瓜瓜:【陸曉悅的公司和國外的公司合作,即將上市一批新珠寶,然而珠寶設計稿卻被她閨蜜秦可涵偷偷賣給了競爭對手。對方拿到稿子之後還反過來告陸曉悅抄襲。】
“什麼?”陸曉悅差點冇忍住一拍桌子暴起,被坐她旁邊的陸桑寧拉住了。
陸池從頭到尾並不知道家人聽得到他的心聲。
瓜瓜也從來冇有和他談起這個事情。
說來瓜瓜本身就是屬於陸池所穿越的書裡的係統,需要走劇情,所以不到萬不得已的時候,絕對不會告訴陸池家人能聽到他心聲的事。
陸池搖頭,輕聲嘀咕:【哎,這個家冇我,得散呐。算了,我還是提醒陸曉悅吧!】
“四姐,”陸池已經吃好了早餐,起身準備離開桌子,回過頭對陸曉悅說道,“奉勸你一句,小心你的司機和你閨蜜,以免他們害你。”
陸曉悅點頭,水汪汪的眼睛裡透著清澈的愚蠢,和對陸池的感激:“知道了,謝謝陸池弟弟。”

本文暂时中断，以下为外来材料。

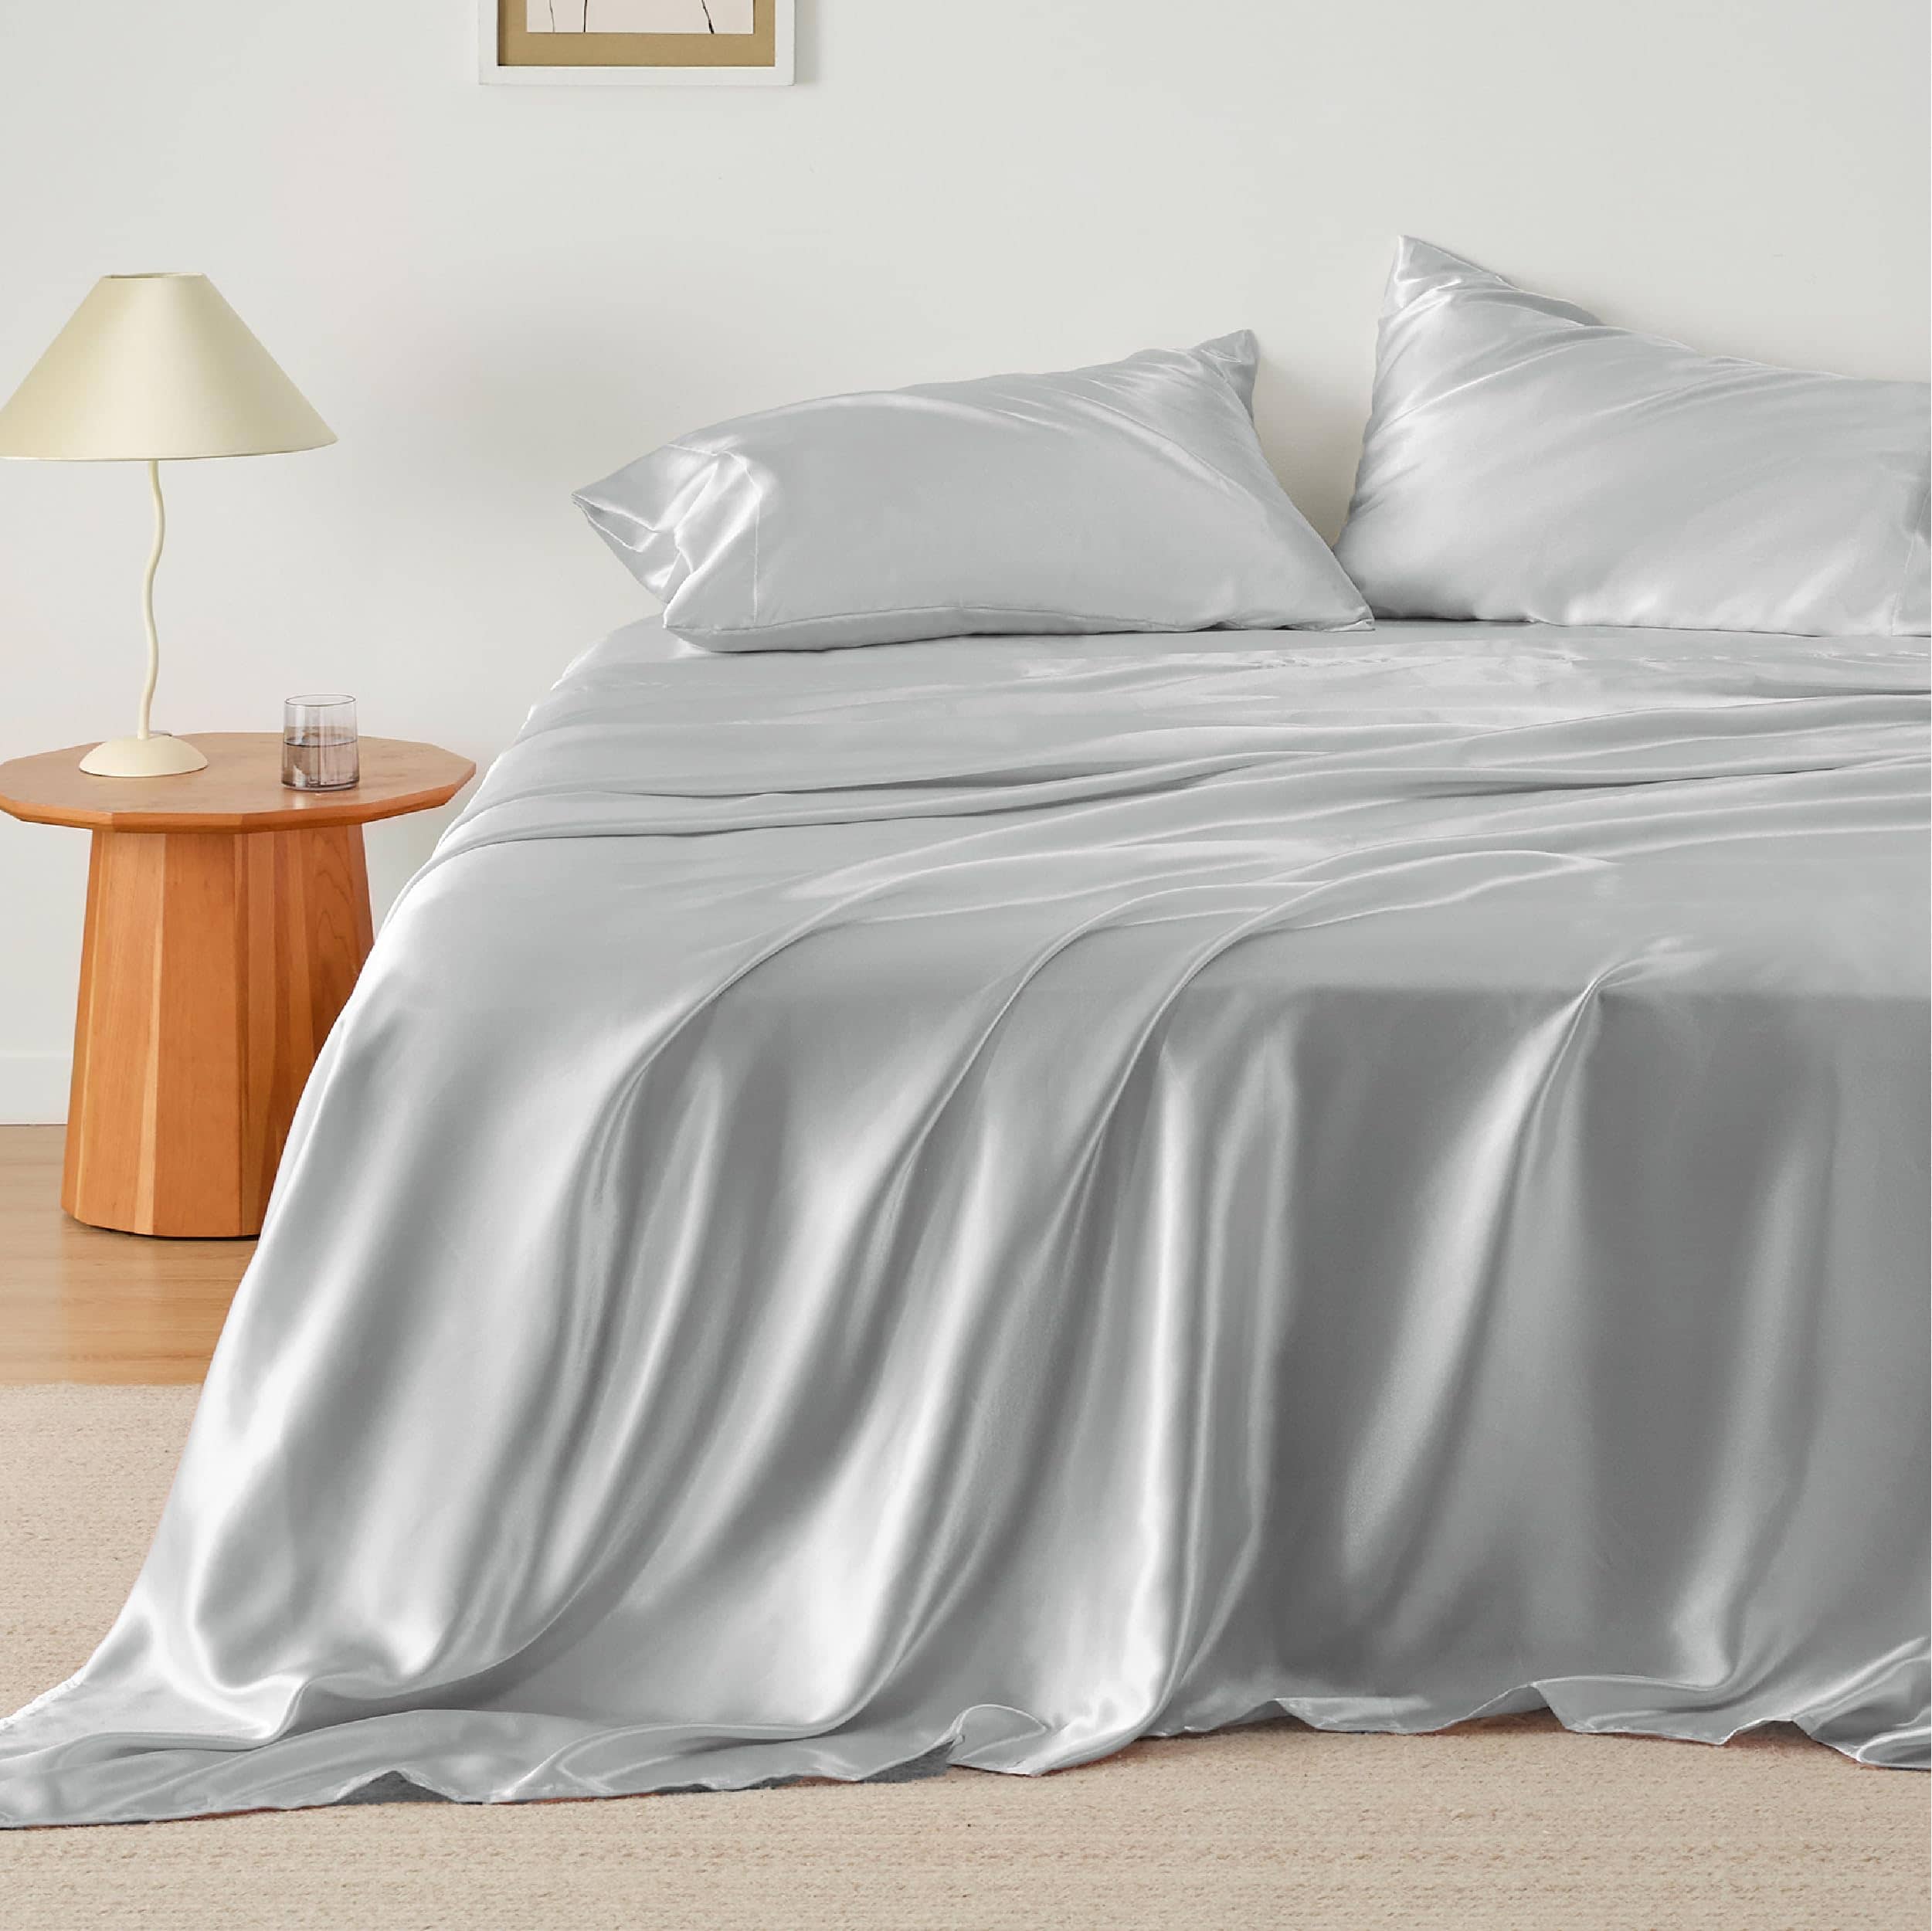 Bedsure Full Size Sheets Grey - Soft Sheets for Full Size Bed, 4 Pieces  Hotel Luxury Full Size Sheet Sets, Easy Care Polyester Microfiber Cooling  Bed

【好了,我已經提醒她提防那兩個人了,這下不會出問題,家也不會散了。我得回房收拾收拾,中午就要離開呢。】
瓜瓜:【宿主放心,就算你四姐陸曉悅是個蠢貨,那你爸媽和大姐也不傻,一定會猜出你話中之意是什麼的。】
陸曉悅:“……”嗚嗚嗚!你個破係統,你纔是蠢貨,你全家都是蠢貨!
陸池是昨晚上睡不著的時候買的票。
原本計劃中午去緬北。
誰知道收拾好了東西,準備去往機場的時候突然接到機場打來的電話,說因為天氣原因,今天的航班取消。
陸池:“真煩!”
迫不得已,隻能讓司機小李調轉車頭回家。
到家之後,給自己的好兄弟張虎打視頻電話。
電話那頭,張虎一臉紅紅的,看起來像剛運動過。
陸池提醒張虎:“小虎啊,女人的滋味雖好,你也要注意身體啊。”
張虎哈哈笑:“你小子在想什麼呢?我是剛跑步回來,可不是你說的那個運動。”
“對了”,張虎繼續說道,“聽說你們高考結束了,考得怎麼樣?”
陸池拍著胸脯,自信地說道:“考個清北那是分分鐘!”
張虎的眼神裡有些羨慕:“小池,其實我挺羨慕你的,來到這裡還可以讀書,彌補前世的遺憾。像我吧,前世學習成績挺好的,
可是因為冇有錢,初中畢業就開始送外賣,冇讀書成了上輩子的遺憾,當然這輩子也挺遺憾的,因為來到這裡也冇機會讀書。”
陸池笑道:“傷感啥呢?你要是想讀,等來京市的時候,我供你讀。”
張虎笑道:“好啊,那回來你記得供我讀書,我要讀高中,然後考個好大學。”
“冇問題!”
兄弟兩人又聊了些彆的,一直聊到下午吃飯的時間。
王媽在門外喊:“少爺,下樓吃飯了。”
陸池才和張虎掛斷視頻電話。
張虎剛把手機放到桌子上,就聽到門外手下來報:“虎哥,3號園區首領楊亮、4號園區首領金帥,5號園區首領陳包,三人一起求見你。”
張虎從桌子最底下那個箱子裡,拿出槍藏在褲兜裡,對門外的侍衛說道:“讓他們進來。”
門打開,三人一起走了進來。
雖然進入自己房間,三人都是被搜過身了的,確定身上冇有任何武器。
但現在是特殊時期,張虎不得不防。
3號園區首領楊亮,一進門就委屈吧啦地大喊:
“反了天了,反了天了!虎哥,你說黃貴這煞筆,和黑幫大衛勾結在了一起,那我都能忍了,畢竟他就是個叛徒,蠢貨!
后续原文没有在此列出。